◆ **Exercise objective**
Would you copy the listing below exactly, keeping the pictures out?

◆ **Source data**

┄┄┄┄┄┄

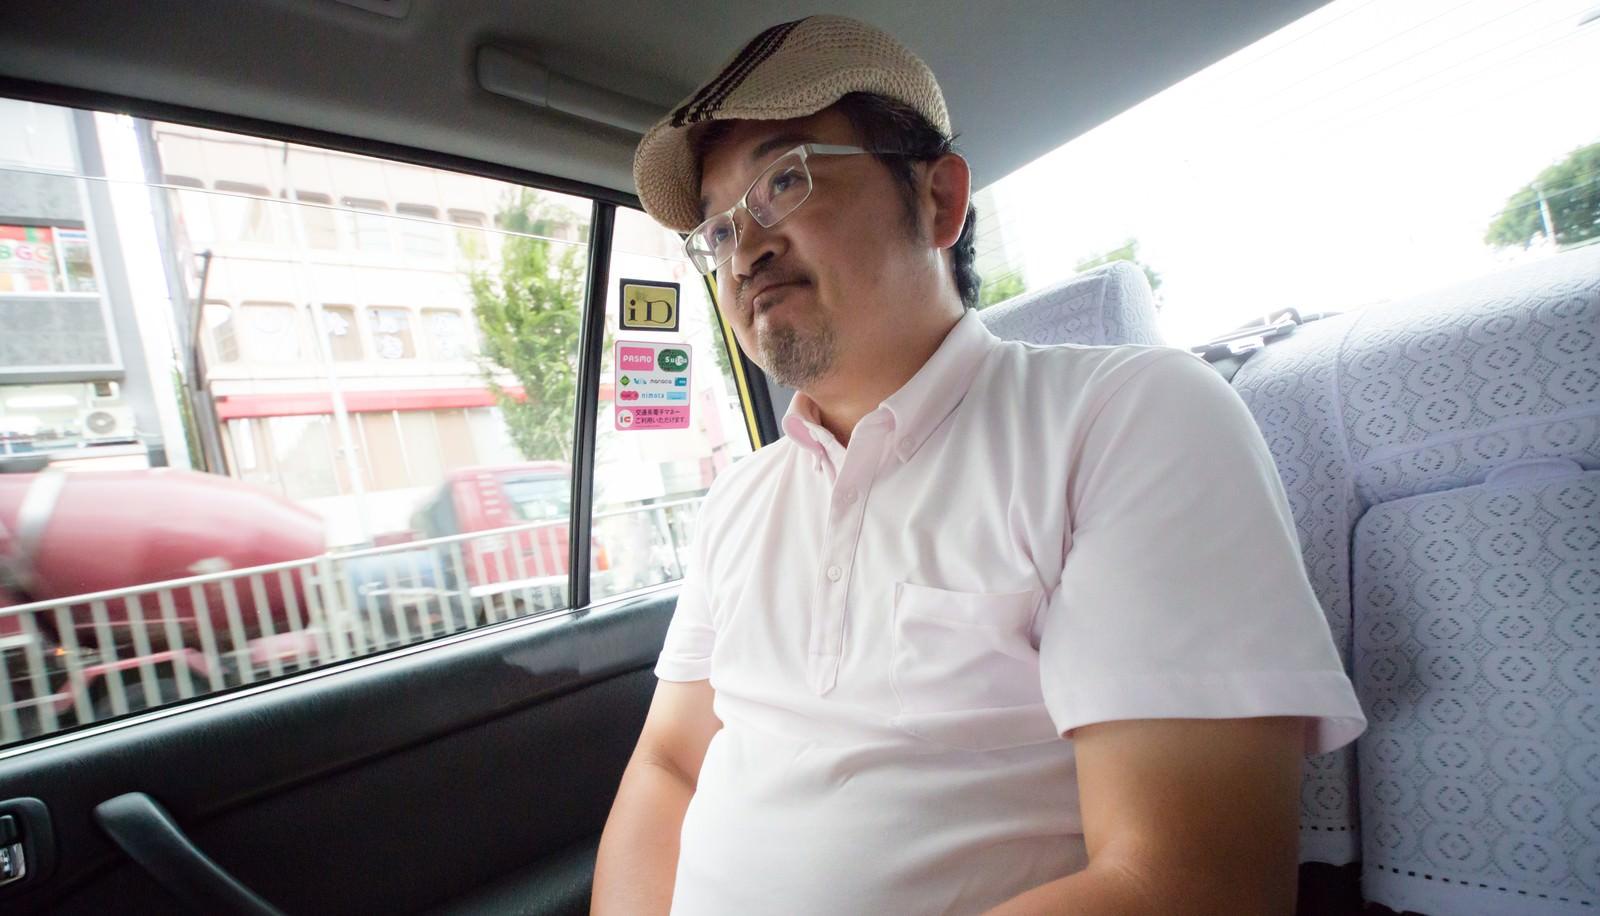 「タクシーの運転手に丸くなったと言われて苦笑いをするハンチング帽の男性タクシーの運転手に丸くなったと言われて苦笑いをするハンチング帽の男性」[モデル:ナリシゲ]のフリー写真素材を拡大
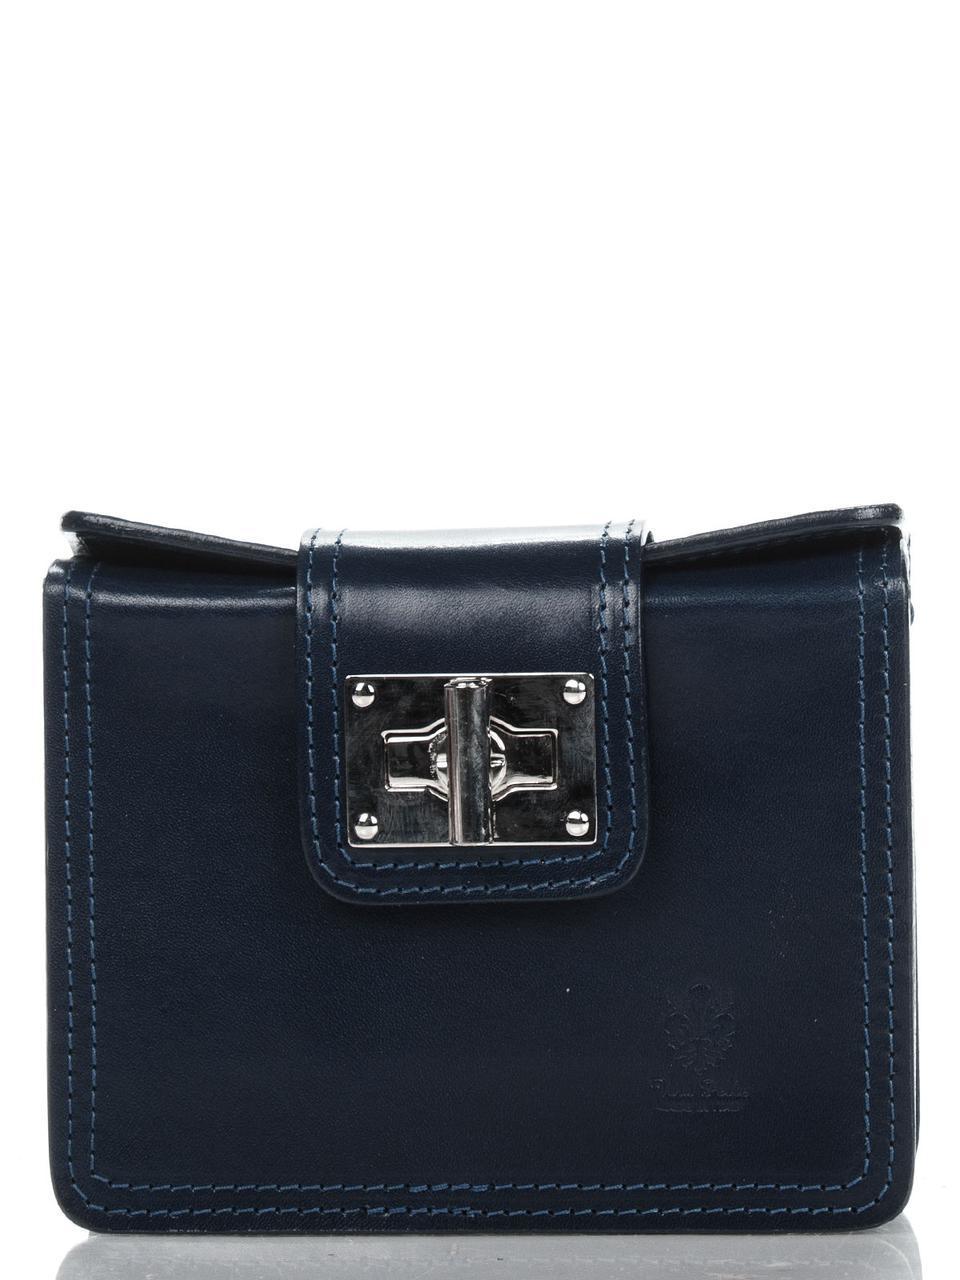 Diva's Bag Женская кожаная сумка EMILY  цвет темно-синий
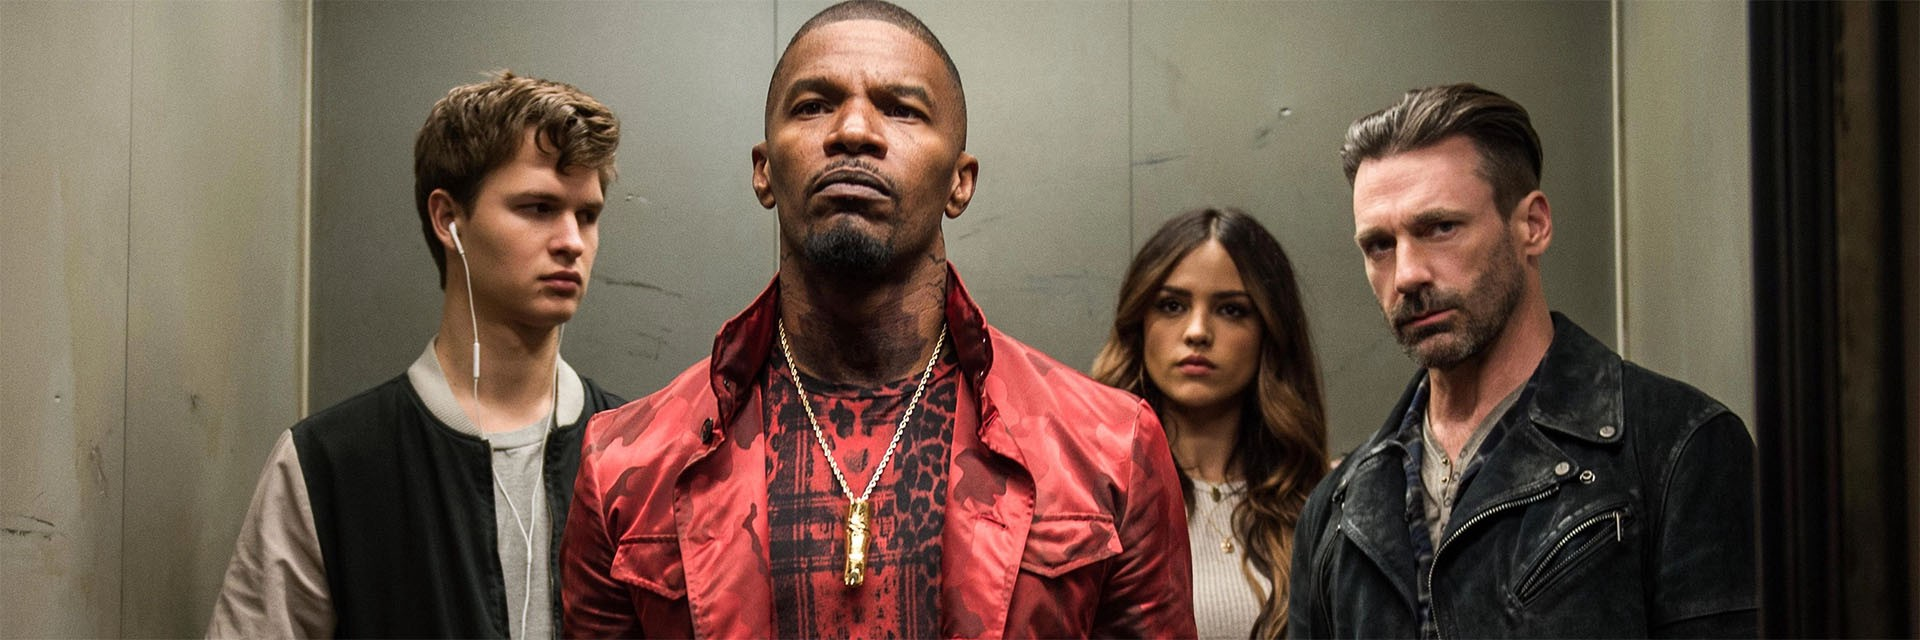 Cena do filme Em Ritmo de Fuga, ou Baby Driver, do diretor Edgar Wright, que mostra uma equipe de assalto em um elevador

┄┄┄┄┄┄

◆ **Problem solution**
 「タクシーの運転手に丸くなったと言われて苦笑いをするハンチング帽の男性タクシーの運転手に丸くなったと言われて苦笑いをするハンチング帽の男性」[モデル:ナリシゲ]のフリー写真素材を拡大
 Diva's Bag Женская кожаная сумка EMILY  цвет темно-синий
 Cena do filme Em Ritmo de Fuga, ou Baby Driver, do diretor Edgar Wright, que mostra uma equipe de assalto em um elevador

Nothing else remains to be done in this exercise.